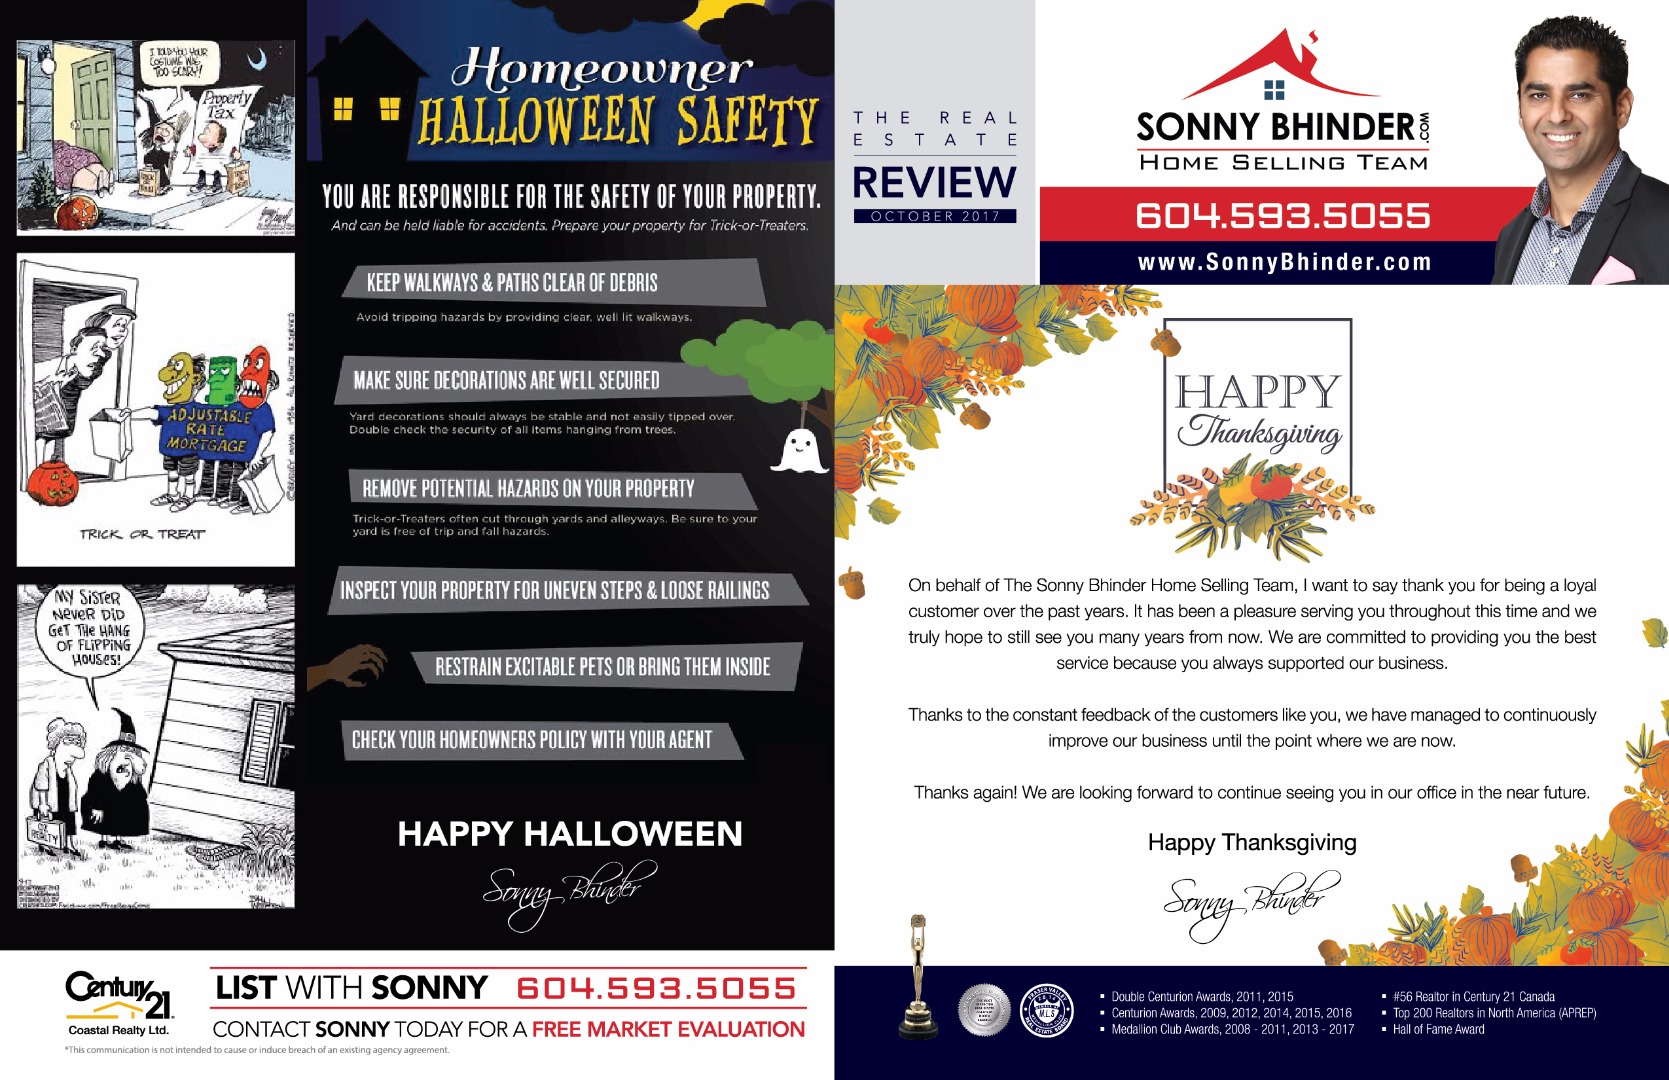 20170928 Sonny Bhinder - October Newsletter Design Cover-01.jpg
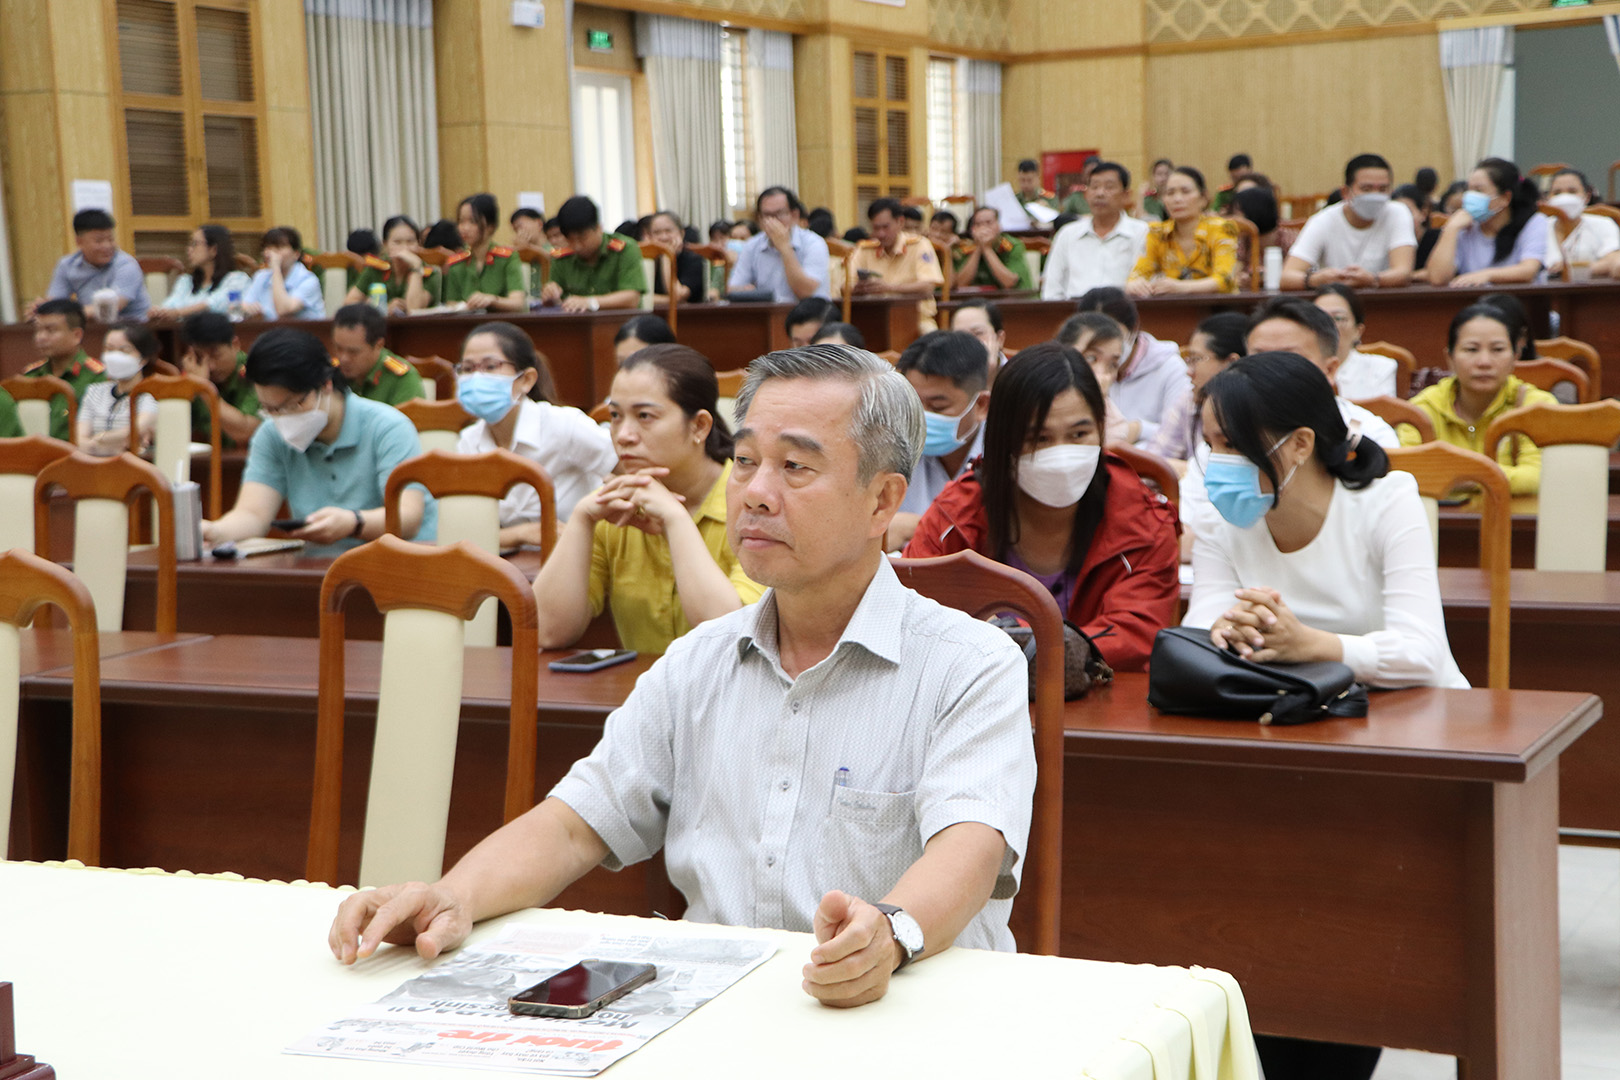 Ông Võ Hữu Hạnh, Phó Bí thư Thường trực Huyện ủy và các đảng viên tham gia buổi quán triệt.
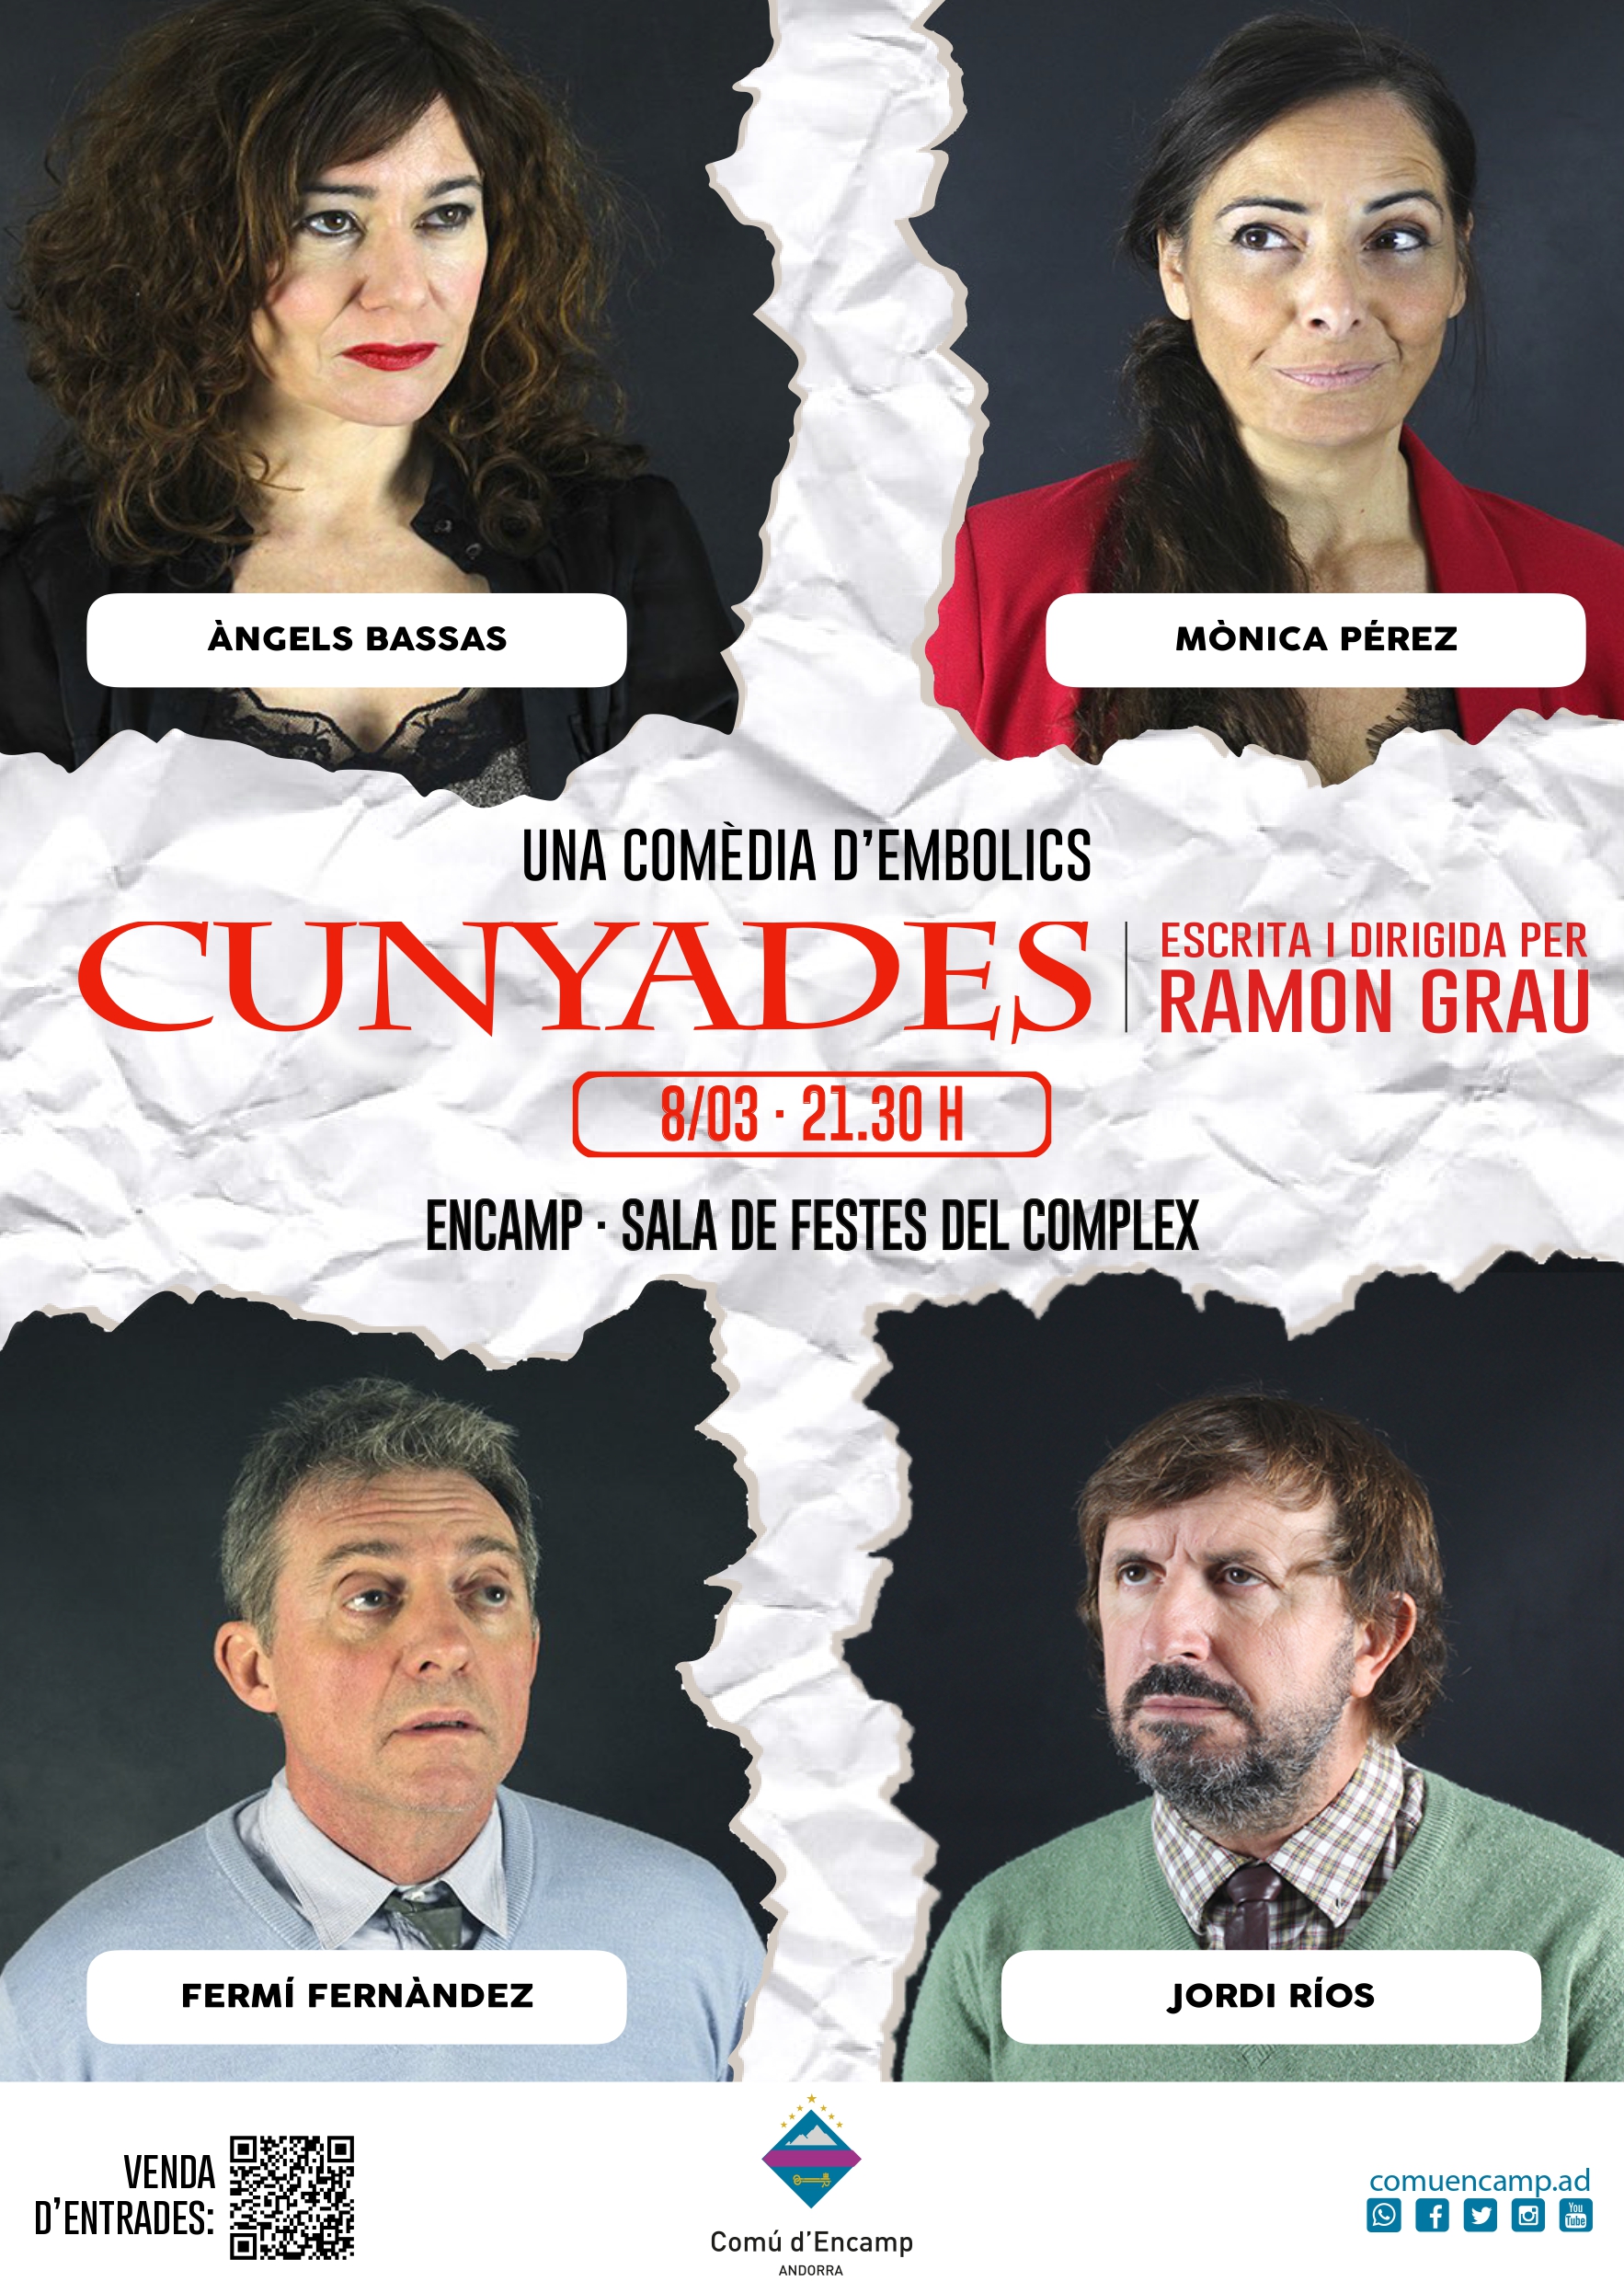 Aquest dilluns surten a la venda les entrades de l'obra "Cunyades"
■ ■ ■
The expected answer is the whole listing above, copied exactly, with images excluded.

 20170928 Sonny Bhinder - October Newsletter Design Cover-01.jpg
 Ông Võ Hữu Hạnh, Phó Bí thư Thường trực Huyện ủy và các đảng viên tham gia buổi quán triệt.
 Aquest dilluns surten a la venda les entrades de l'obra "Cunyades"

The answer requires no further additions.